-- DATA PROVIDED --
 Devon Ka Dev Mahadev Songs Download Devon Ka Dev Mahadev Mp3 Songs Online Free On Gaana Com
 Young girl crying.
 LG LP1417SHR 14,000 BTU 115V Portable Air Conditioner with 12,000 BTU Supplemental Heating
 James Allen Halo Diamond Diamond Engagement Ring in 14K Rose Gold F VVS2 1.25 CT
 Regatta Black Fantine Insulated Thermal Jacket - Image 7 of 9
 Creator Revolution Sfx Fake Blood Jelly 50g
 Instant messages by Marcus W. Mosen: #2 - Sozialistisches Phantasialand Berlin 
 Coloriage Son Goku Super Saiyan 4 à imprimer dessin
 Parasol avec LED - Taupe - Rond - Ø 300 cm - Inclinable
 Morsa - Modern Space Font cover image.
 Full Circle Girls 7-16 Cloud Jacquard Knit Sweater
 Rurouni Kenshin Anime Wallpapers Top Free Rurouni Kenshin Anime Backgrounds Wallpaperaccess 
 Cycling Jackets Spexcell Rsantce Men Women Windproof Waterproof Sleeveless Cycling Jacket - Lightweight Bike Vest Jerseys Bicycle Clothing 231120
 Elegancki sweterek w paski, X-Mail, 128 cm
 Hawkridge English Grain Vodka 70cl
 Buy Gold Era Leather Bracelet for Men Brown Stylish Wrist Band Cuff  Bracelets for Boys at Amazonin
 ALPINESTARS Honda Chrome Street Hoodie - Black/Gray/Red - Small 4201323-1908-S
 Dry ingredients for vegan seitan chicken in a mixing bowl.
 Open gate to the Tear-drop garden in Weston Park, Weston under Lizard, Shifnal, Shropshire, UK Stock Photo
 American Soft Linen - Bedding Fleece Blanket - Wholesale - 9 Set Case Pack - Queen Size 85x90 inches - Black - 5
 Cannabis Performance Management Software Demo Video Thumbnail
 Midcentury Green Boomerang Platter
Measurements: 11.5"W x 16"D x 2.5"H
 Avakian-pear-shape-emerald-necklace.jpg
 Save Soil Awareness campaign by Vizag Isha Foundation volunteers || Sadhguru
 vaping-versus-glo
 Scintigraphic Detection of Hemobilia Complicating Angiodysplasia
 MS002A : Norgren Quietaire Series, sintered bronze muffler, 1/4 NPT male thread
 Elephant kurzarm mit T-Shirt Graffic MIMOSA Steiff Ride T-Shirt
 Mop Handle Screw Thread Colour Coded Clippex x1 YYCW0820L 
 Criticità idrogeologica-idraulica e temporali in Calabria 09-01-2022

-- ACTIVITY --
Starting at the line above that contains "Regatta Black Fantine", repeat each line exactly up to and including the line that contains "Parasol avec LED", and stop there.

-- OUTPUT --
 Regatta Black Fantine Insulated Thermal Jacket - Image 7 of 9
 Creator Revolution Sfx Fake Blood Jelly 50g
 Instant messages by Marcus W. Mosen: #2 - Sozialistisches Phantasialand Berlin 
 Coloriage Son Goku Super Saiyan 4 à imprimer dessin
 Parasol avec LED - Taupe - Rond - Ø 300 cm - Inclinable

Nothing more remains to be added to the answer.